The pathogenesis of TIC is highly complex, involving immediate dysfunction of coagulation function post-injury, excessive release of inflammatory mediators, and activation of the fibrinolytic system, among other biological processes (Sastry et al., 2022; Iba et al., 2020; Levi, 2021). These processes interact, leading to microvascular dysfunction, increased thrombosis, and a predisposition to bleeding (Katneni et al., 2020). Some progress has been made in the study of biological markers for TIC, such as prolonged prothrombin time (PT) and decreased platelet (PLT) count, but these markers often manifest in the late stages of the disease and offer limited assistance for early intervention and prognosis evaluation (Dempsey et al., 2021; Loh et al., 2021; Cave et al., 2022).

In the study of TIC, animal models are effective tools for understanding its pathogenesis and evaluating therapeutic approaches (Hsu et al., 2021; Li et al., 2021; Machida, 2020). By mimicking the biological responses following human trauma, animal models can assist us in investigating the occurrence and progression of TIC at the molecular, cellular, and systemic levels. However, currently utilized animal models, such as the Rat model, still face challenges regarding accuracy and reproducibility in simulating human TIC (Li and Zhang, 2021; Carter et al., 2020; Zhang et al., 2021). For instance, the physiological differences between small animals and humans may influence the generalizability of research findings (Liu et al., 2022).

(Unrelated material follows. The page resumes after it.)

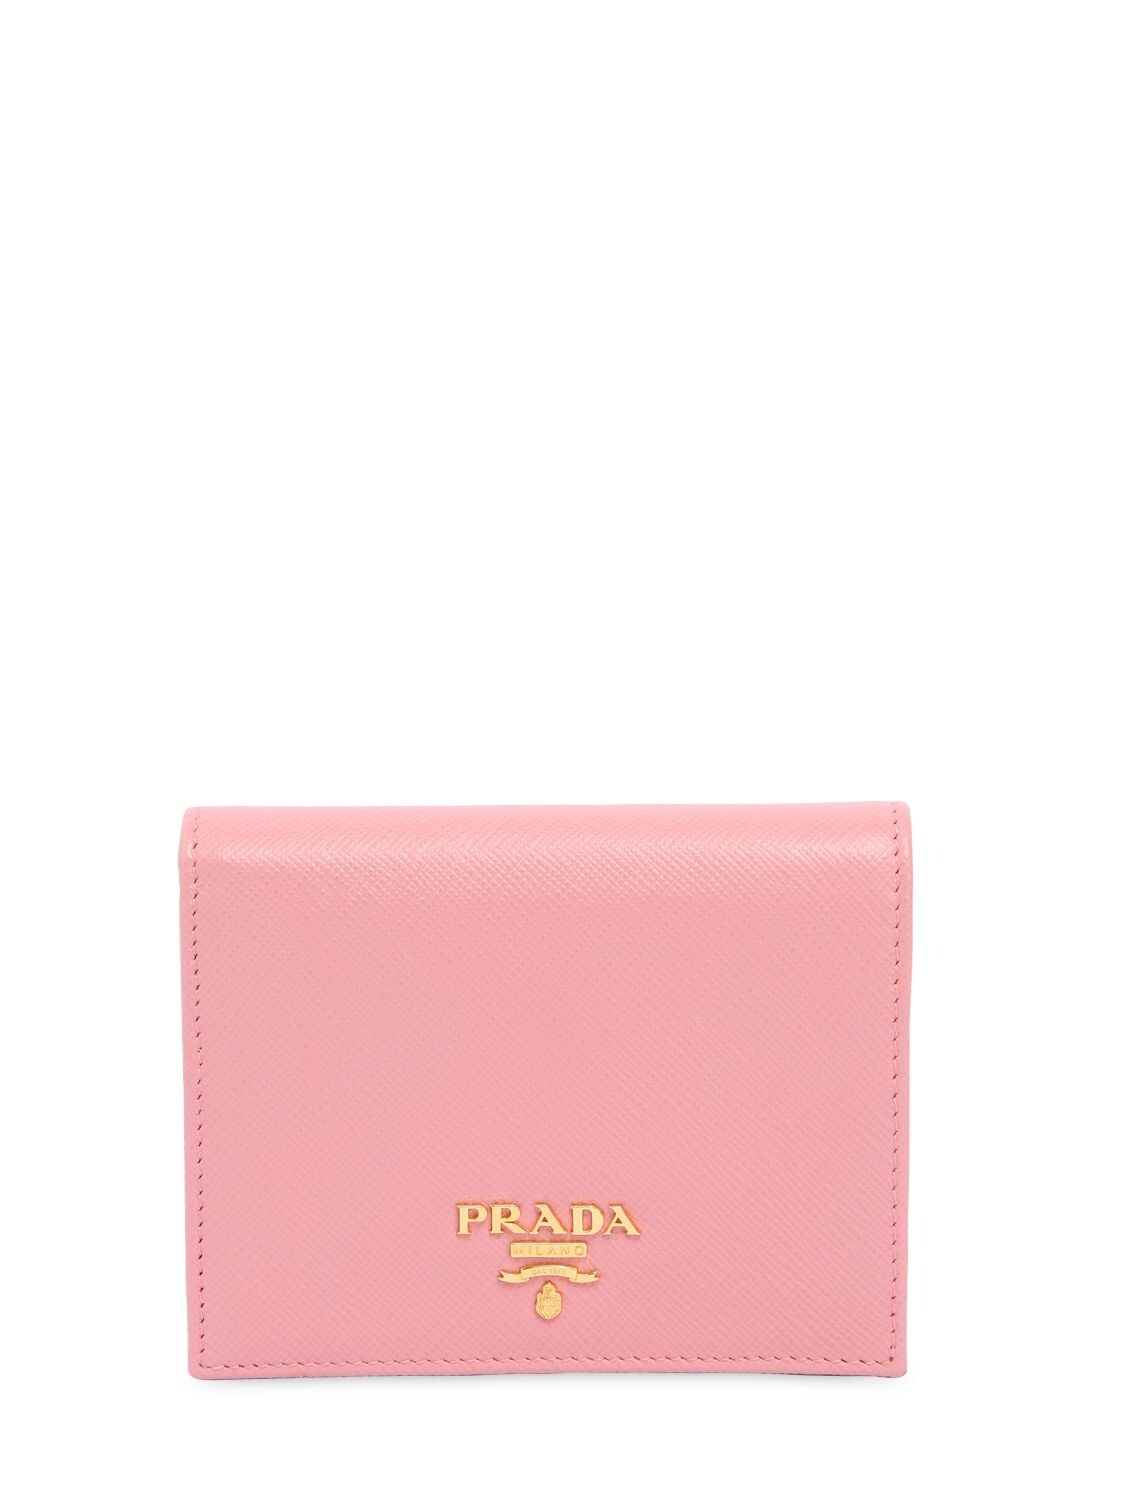 Prada Small Leather Wallet In Pink

Despite existing studies providing valuable insights into tissue damage post multiple traumas, there remains insufficient understanding of tissue damage under the combined impact of shock and coagulation function disorders. Histological staining and radiological imaging are currently common methods for assessing TIC (Kajiwara et al., 2023). Histological staining can visually display changes in tissue structure, while radiological imaging can non-invasively monitor fractures and visceral injuries (Song et al., 2022; Zhang et al., 2023; Zheng et al., 2022). However, these methods have limitations in evaluating coagulation function disorders and physiological indicator changes, such as their inability to provide real-time and continuous biological information, restricting their applicability in animal models (Best et al., 2019; Ghayad and Barakett-Hamadé, 2022; Rawn et al., 2022).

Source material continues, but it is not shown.